This approach also provides benefits in terms of implementation practicality and accessibility. The Oasis [32] and Enigma [36] projects are developer friendly, releasing documentation, tutorials, and testnets on which to develop and deploy applications.

Software Implementation of Location-Sharing Use Case

In this paper, generalizability and practicality of implementation were two of the evaluation criteria used when comparing privacy-preserving techniques. To further evaluate our findings that the hybrid blockchain-TEE technique provides a practical platform for developing privacy-preserving software, we implemented a proof-of-concept software application that addresses the location-sharing use case that frames this paper. This use case is based on the scenario where a research study participant shares useful features about their location data with a third-party research team, without revealing their raw GPS coordinates.

The implementation consists of the following:

  1. A smart contract deployed on the Oasis Devnet.

  2. A smartphone (iOS) app with a graphical user interface for participants and third parties to interact with the smart contract.

Confidential smart contracts on the Oasis Devnet enable private transaction data and private smart contract state (Table 2), which are used to maintain participant confidentiality and can be used to conceal a participant’s raw geolocation data. The Oasis Devnet manages per-session encryption keys that are used to encrypt communication between a client and smart contract instance, such that nobody else can view the unencrypted transaction data [65].

Table 2.

Information visibility on Oasis Devnet.

Visibility Information
Public
  • Transaction sender address (ie, participant wallet address and third-party wallet address)

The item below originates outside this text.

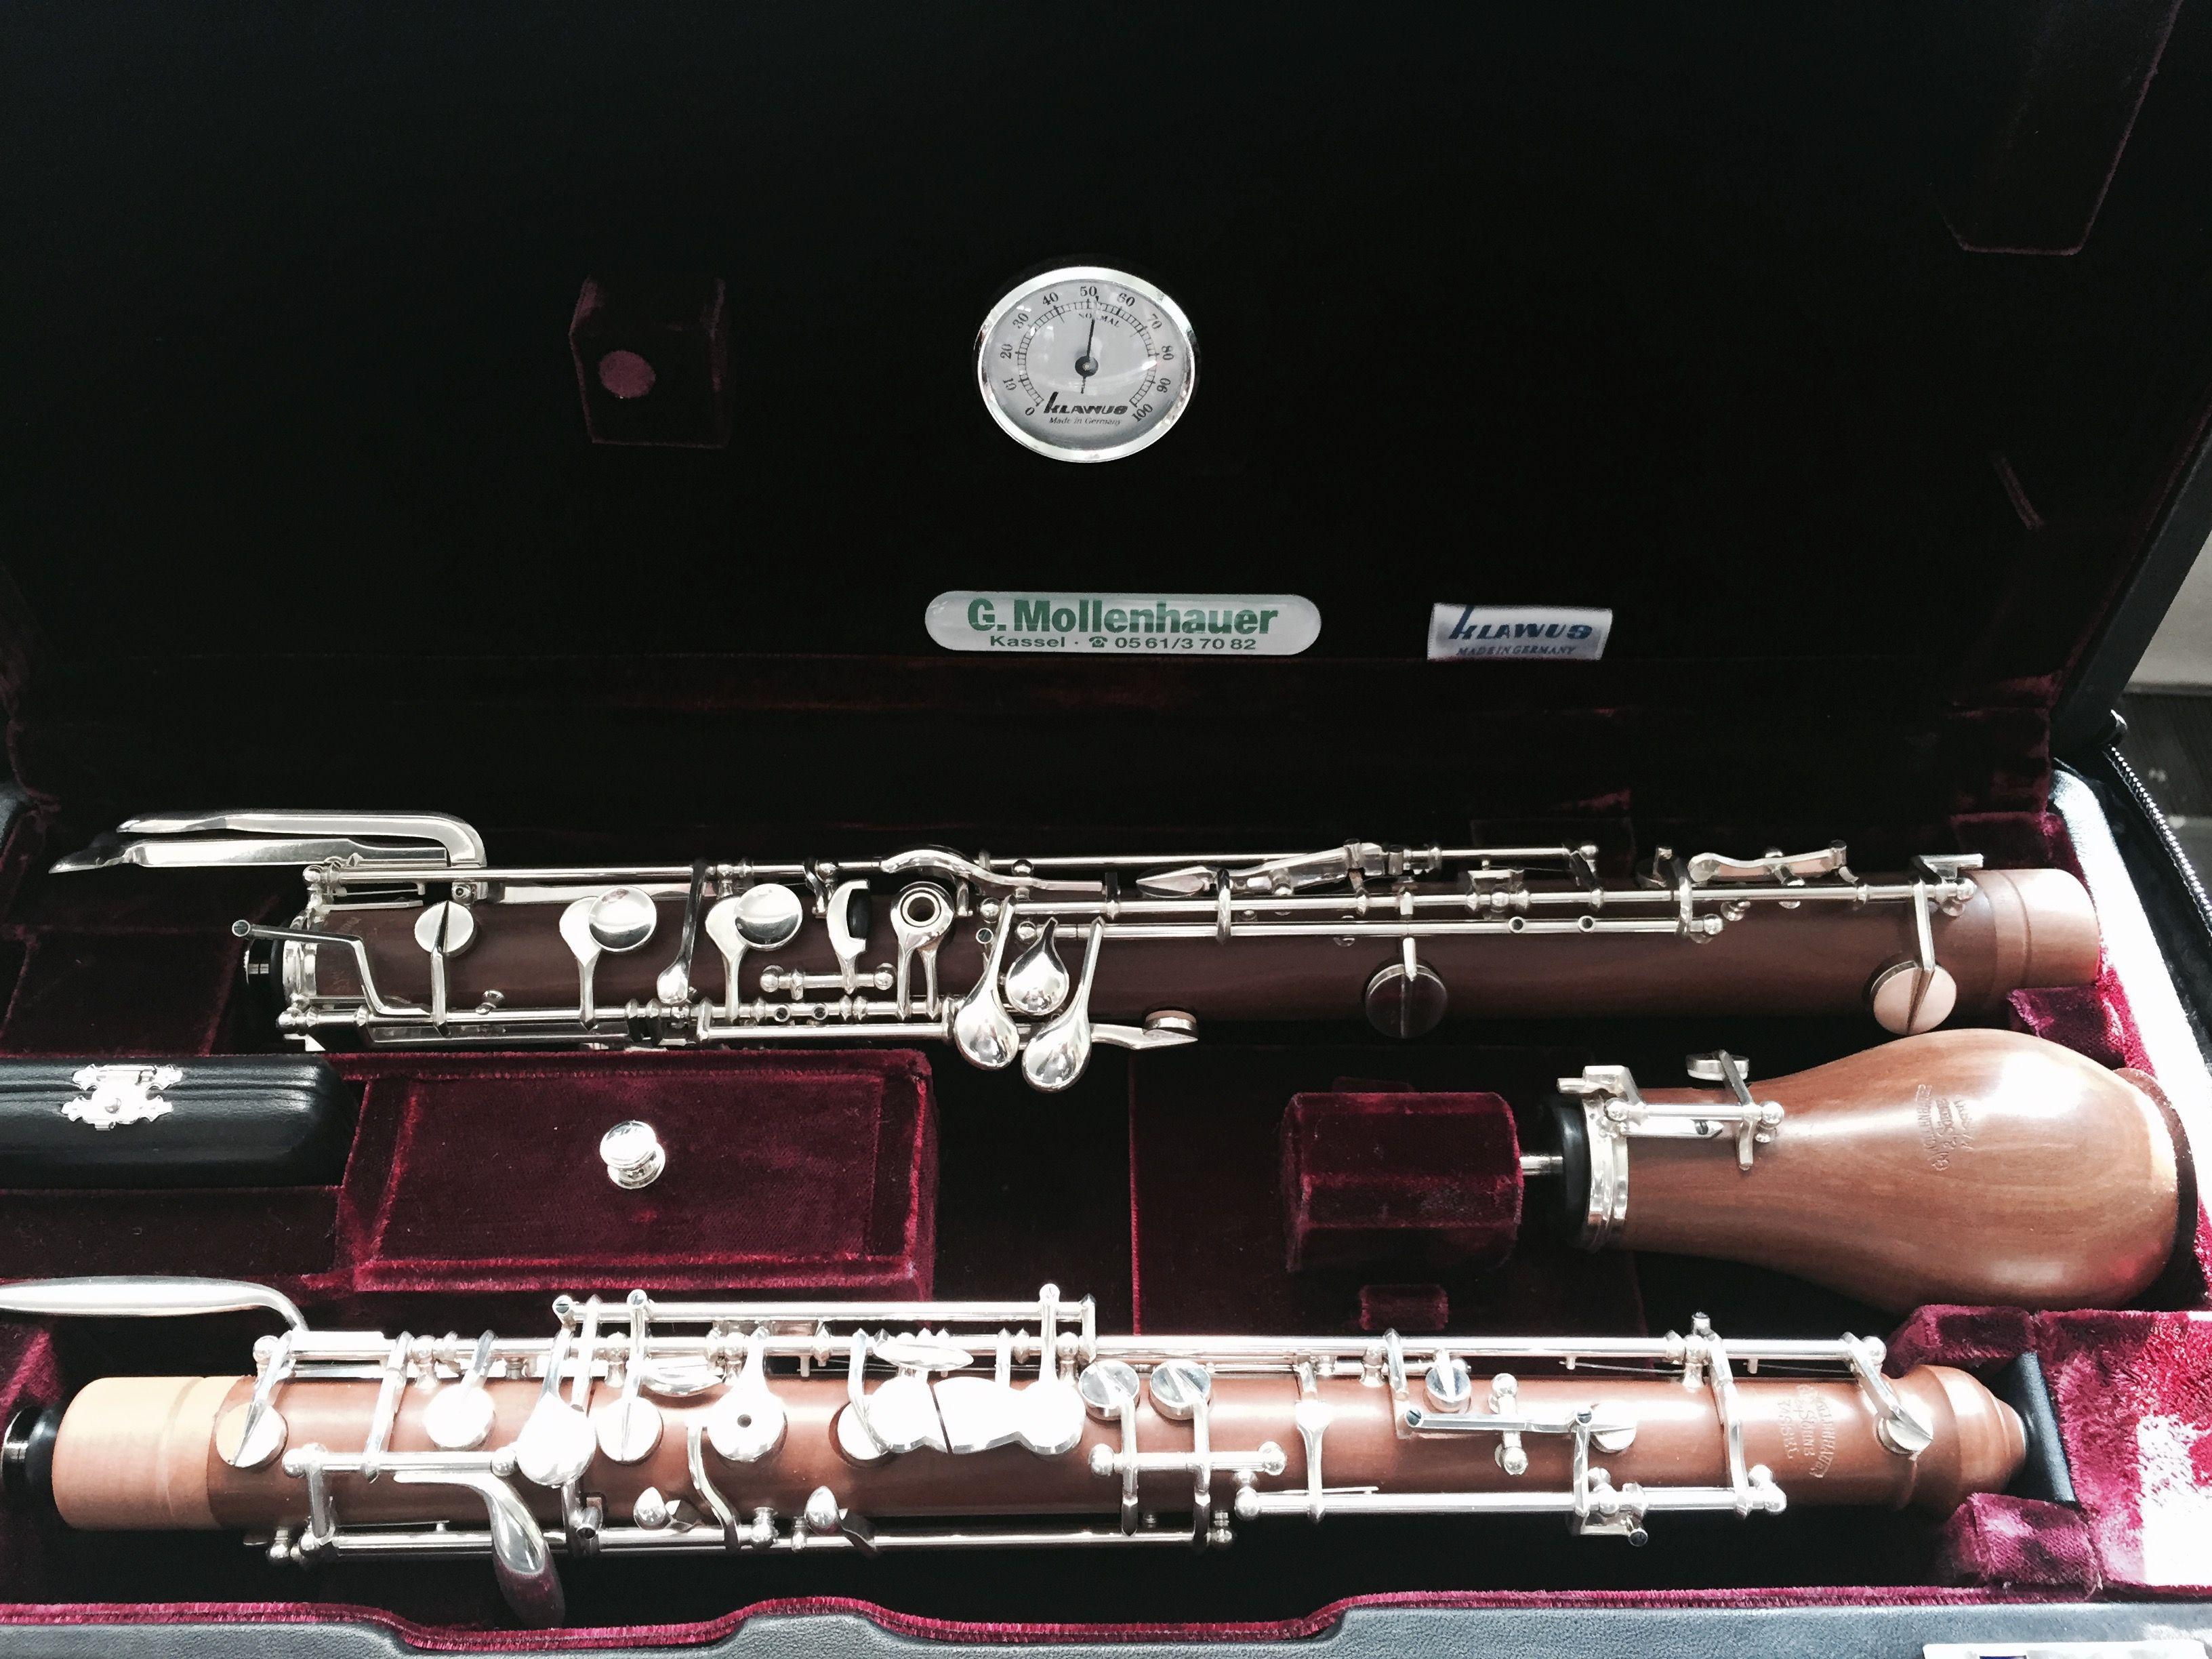 Unser Englischhorn. Wir gehen neue Wege, um Ihnen das Spielen zu erleichtern. Dank neuer Verfahren präsentieren wir unser Englischhorn auch in Birnenholz. Der Vorteil? Das ganze Instrument wird leichter und somit auch für Sie komfortabler zu spielen. Außerdem hat es einen traumhaft weichen Klang und Charakter bekommen.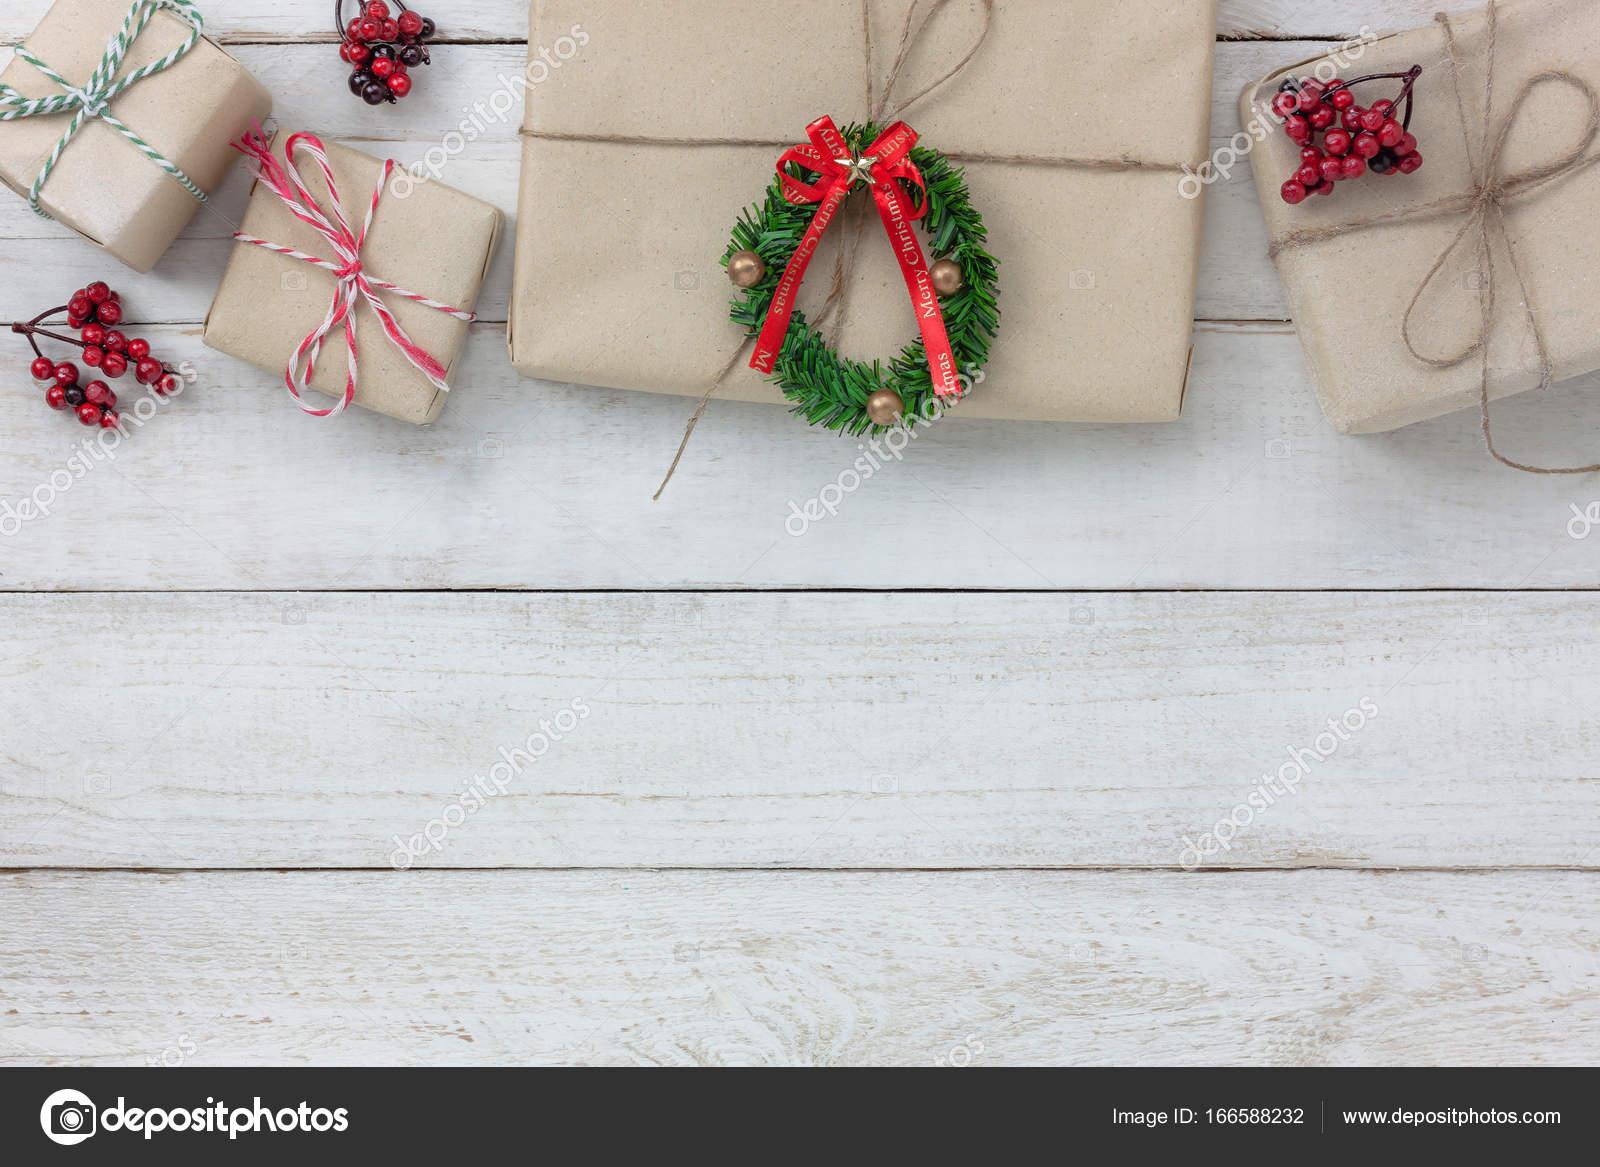 Vue aérienne des ornements et décoration merry christmas et happy

  • Transaction recipient address (ie, smart contract address)

  • Transaction value transaction (ie, amount in DEV, the Oasis Devnet token used to fund transactions)

Private
  • Transaction argument data (ie, raw GPSa coordinate data)

  • Transaction result data (ie, returned feature data)

  • Method name called by a transaction (ie, “postParticipantLocation”)

  • Smart contract state (ie, mapping of participant wallet addresses to participant ID)

  • Event data (not used for this prototype; events (logs) can be emitted in response to transactions)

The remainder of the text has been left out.